DISROBE

Blade Runner 2049: What Does It Mean To Be Human?

Officer K

When Officer KD6–3.7, a Nexus-9 replicant built for the sole purpose of hunting down and retiring rogue replicants, learns that his memory involving a wooden horse, which is supposedly artificial (like any other memory fragments implanted into the brain of a replicant), is not fake, he screams in existential frustration.

His whole life has been nothing but a lie.

Hidden behind his frustration, however, lies a tinge of hope.

Officer K leads a lonely life, his only company being an overly cheerful hologram. He loves her more than he does anybody.

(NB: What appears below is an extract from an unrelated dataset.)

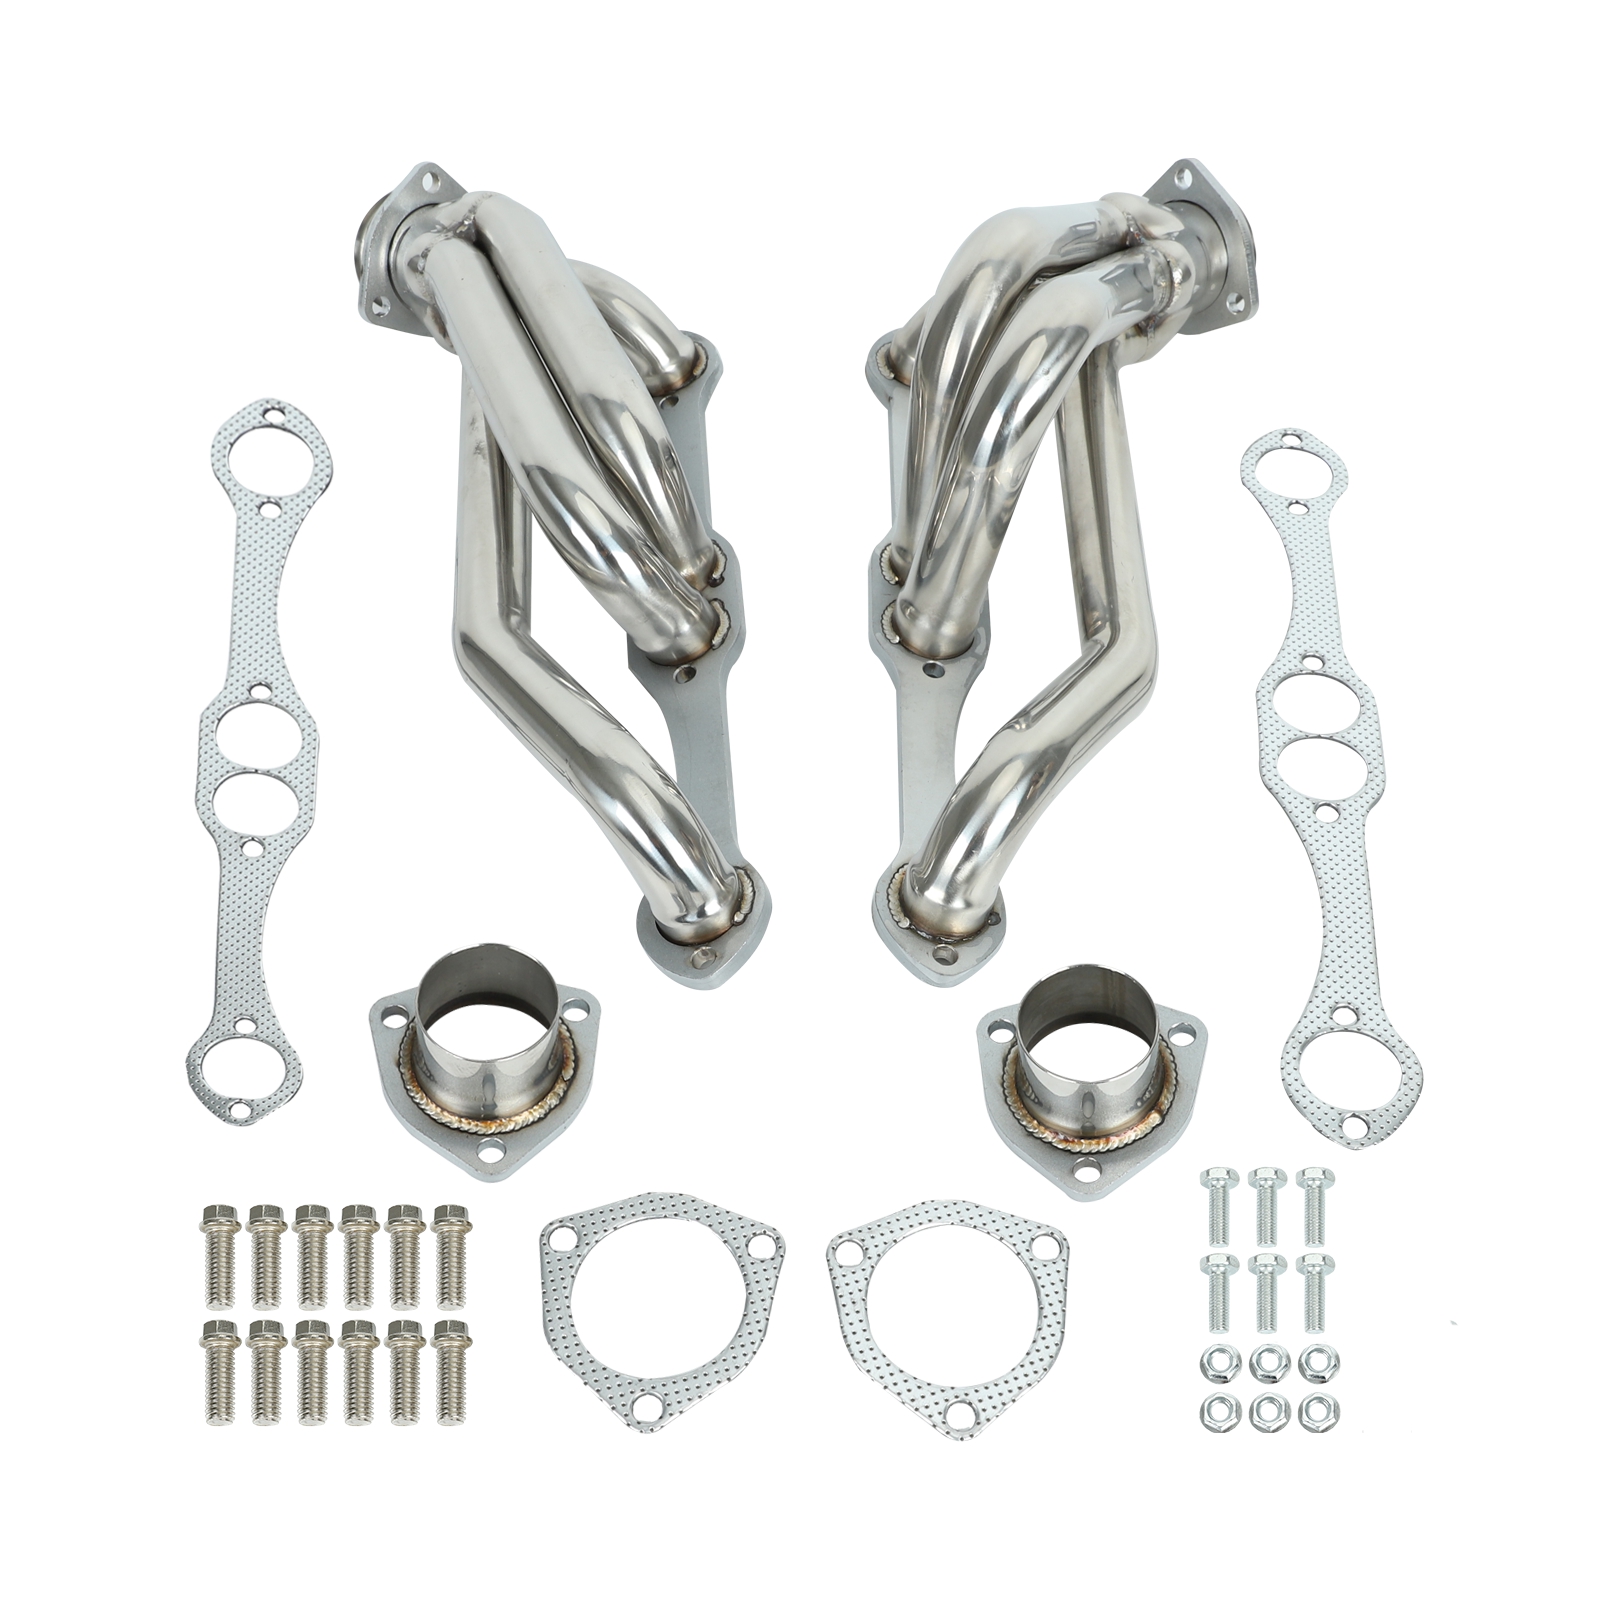 Engine Swap Headers for Small Block Chevrolet Chevy Blazer S10 2WD 350 V8

His job of tracking down and destroying replicants has made him emotionally distant. His human neighbors isolate and curse him because he is not one of their own.

K is loyal to his cold and human manager. He follows all her orders with no understanding of their effect in the overall scheme of the world until the day it comes to light that there exists a probability that he was not built and assembled, that there is a chance he came into existence out of love and affection.

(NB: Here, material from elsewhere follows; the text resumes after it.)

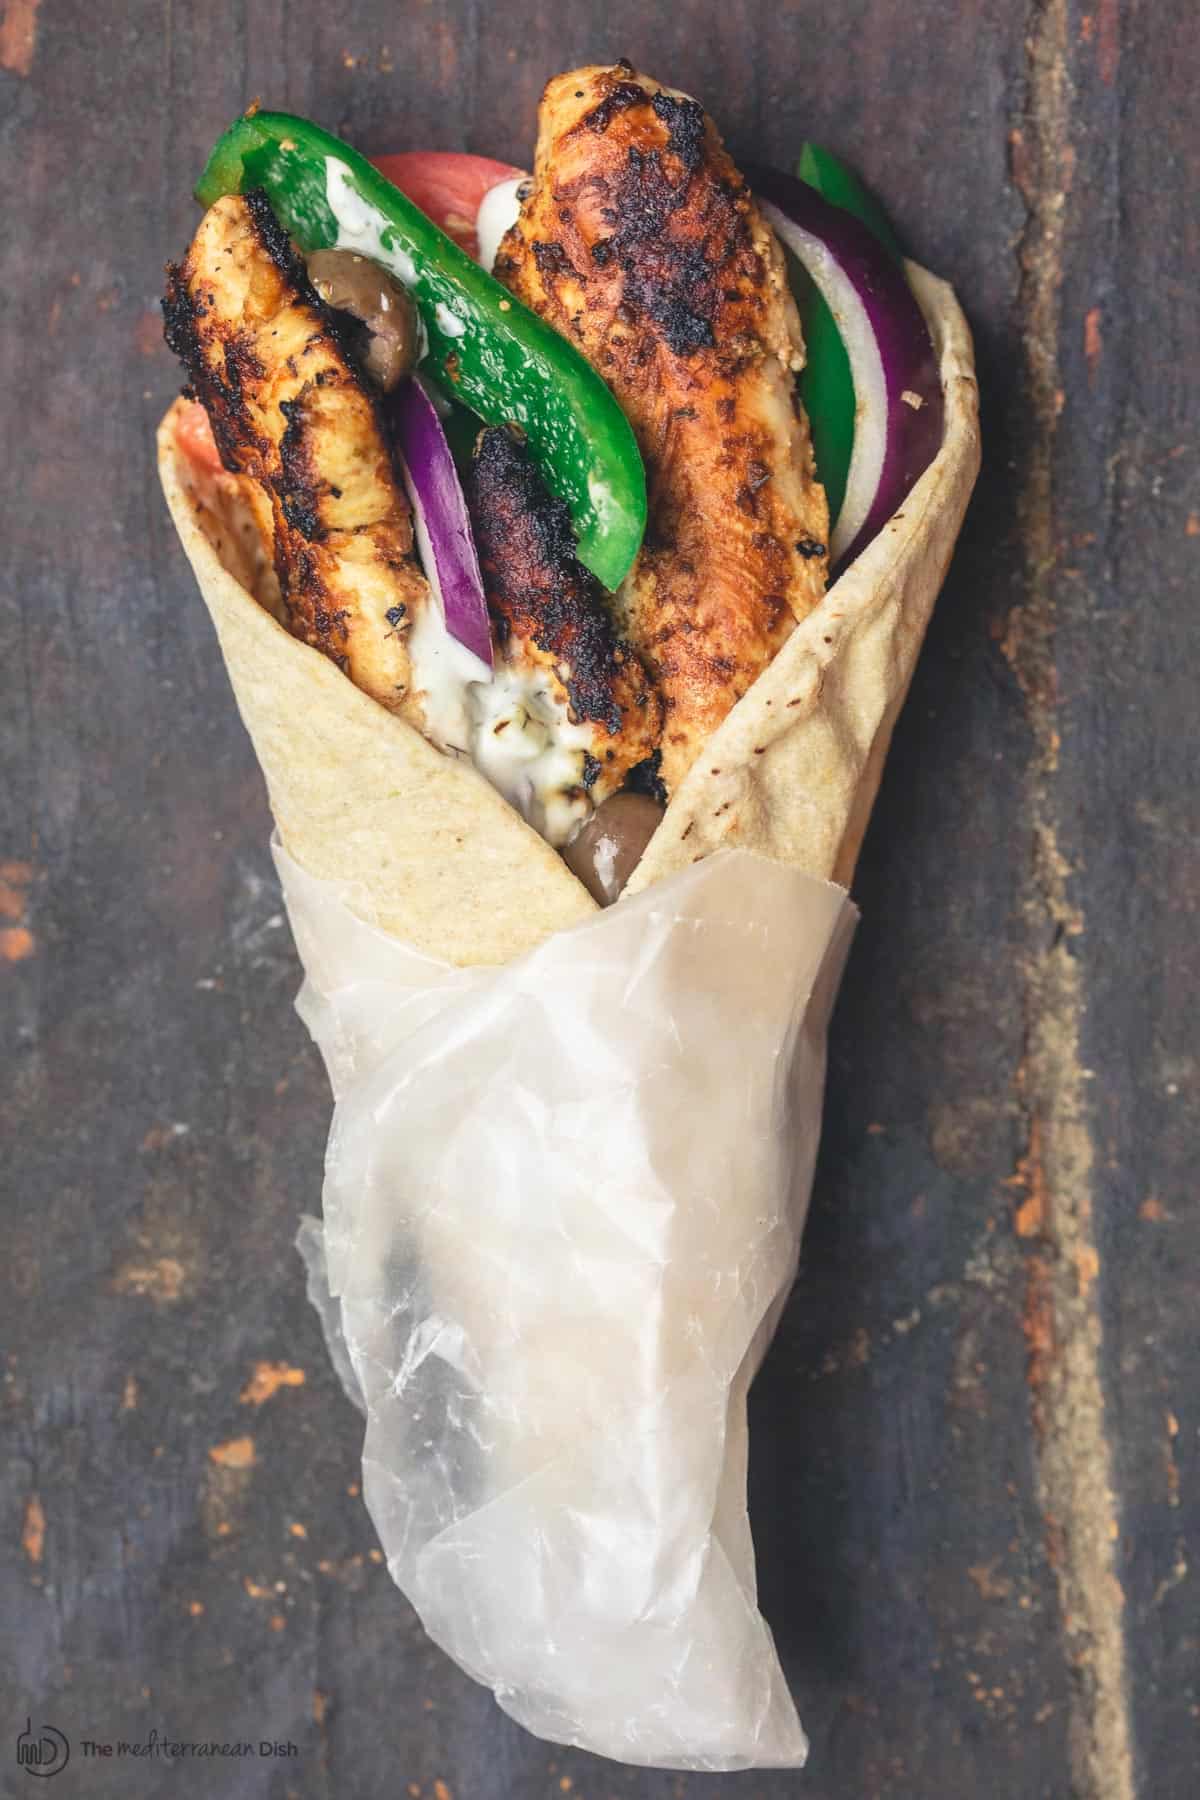 A chicken gyro wrap with tomatoes, onions, green peppers and olives

He feels alive in a way he never has before.

The hologram pushes him to believe that he is much more than what he makes himself out to be. It deepens his desire to live, to find out more about himself. He is now willing to risk it all to find the Truth. His life becomes a mystery that he desperately wants to solve.

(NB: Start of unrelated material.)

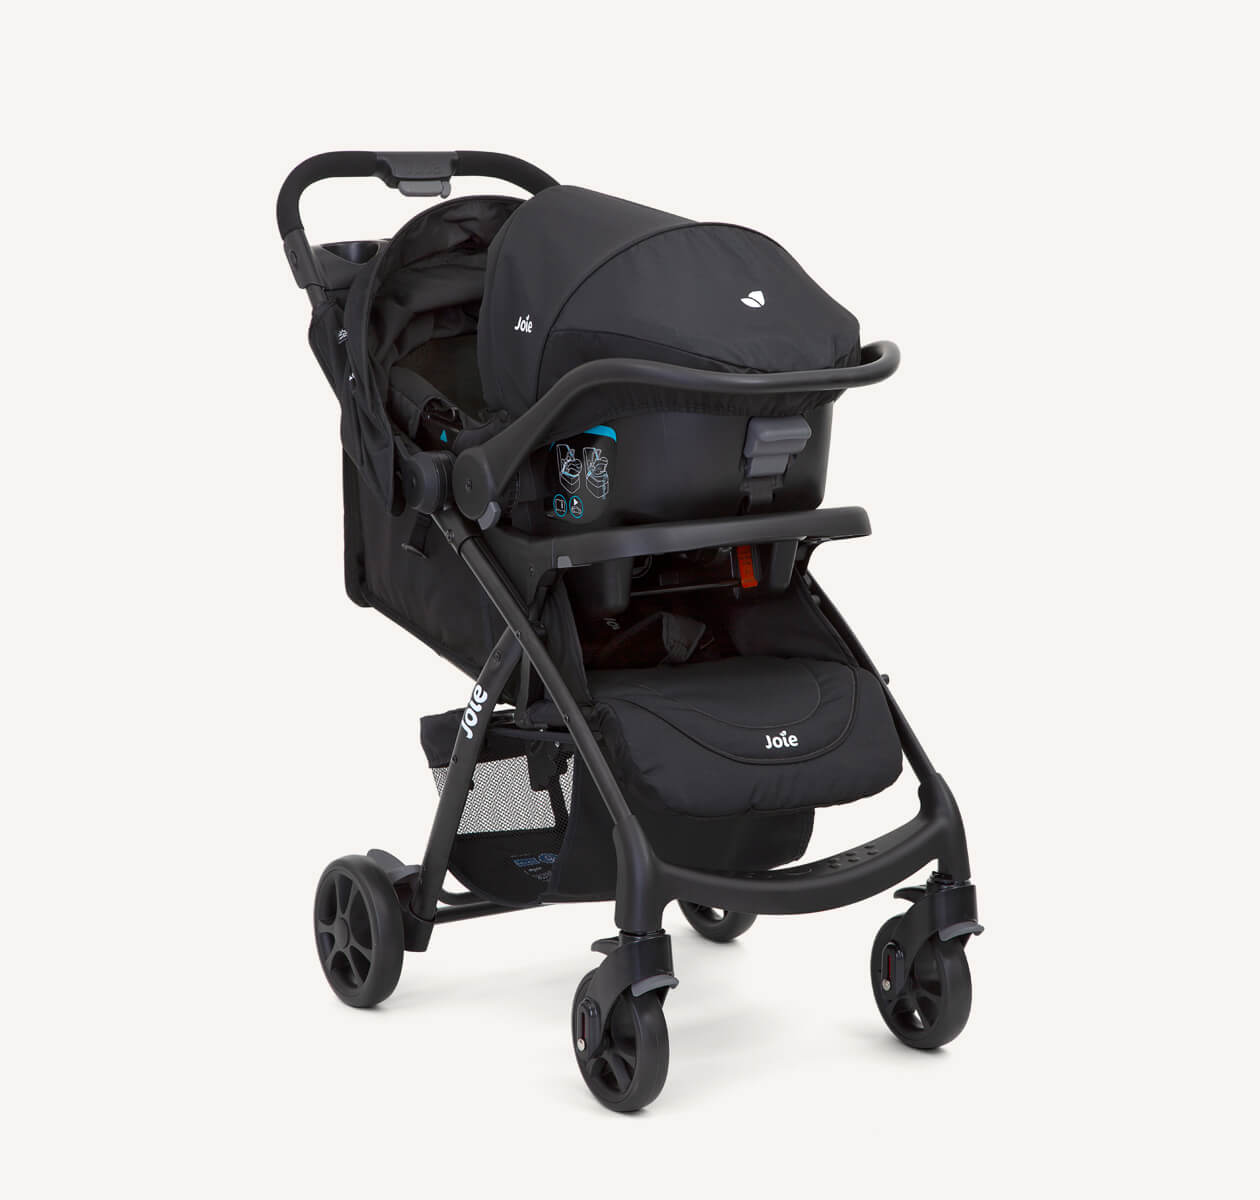 p1-joie-travelsystem-muzelxts-coal-right-angle-infant-carrier_1

The moment K Realizes The Truth

His hope fades when he finds out that the memory involving the wooden horse is not his, that it is just a cruel mistake on life’s part. The fragment of memory was misplaced.

He is not unique or special.

Or in Tyler Durden's words, he is not a unique snowflake.

He was never the miraculous child born to a replicant and a human. The constant optimism his hologram companion kept feeding him was just a corporate algorithm programmed to spew what its owners want to hear and feel; to ensure their products remain adored by its users.

It is just another machine performing its tasks.

K’s existential crisis is akin to what many of us face in increasingly materialistic, corporate-controlled metropolitan societies. In search of obtaining what society considers the best, the most pleasurable, and what provides us with the most comfort, numerous of us have lost sight of what is meaningful.

Even the few who know the Truth refuse to see or react to it because they are too scared to face the consequences.

Just like K staring at an advertisement for Joi, we look at our own lives, finding the sheer pointlessness and fakeness of it repulsive.

Just like K, we hope life is meaningful. We hope we are unique and destined for greatness. Yet, most of us come out disappointed and dissatisfied.

The Advertisement

“For what purpose humanity is there should not even concern us: why you are there, that you should ask yourself: and if you have no ready answer, then set for yourself goals, high and noble goals, and perish in pursuit of them. I know of no better life purpose than to perish in attempting the great and the impossible.”

Friedrich Nietzsche

Although his birth and the purpose assigned to him by his corporate masters are not unique or even ethical, K realizes that he can change his life by performing something human and selfless, regardless of how dangerous it is.

He decides to redeem himself and wash himself of the sins of his career, to raise himself to someone of value by working for a greater goal.

He risks his own life out of his own free will to save someone else’s, for the happiness of the real Chosen One, and for a revolution. He makes himself indispensable and expects nothing in return.

Officer K lies down in the snow, covered in wounds and worn out. For the first time in his life he feels satisfied with himself and his actions.

It doesn’t matter to him that he ends up as a mere cog in a vast machine.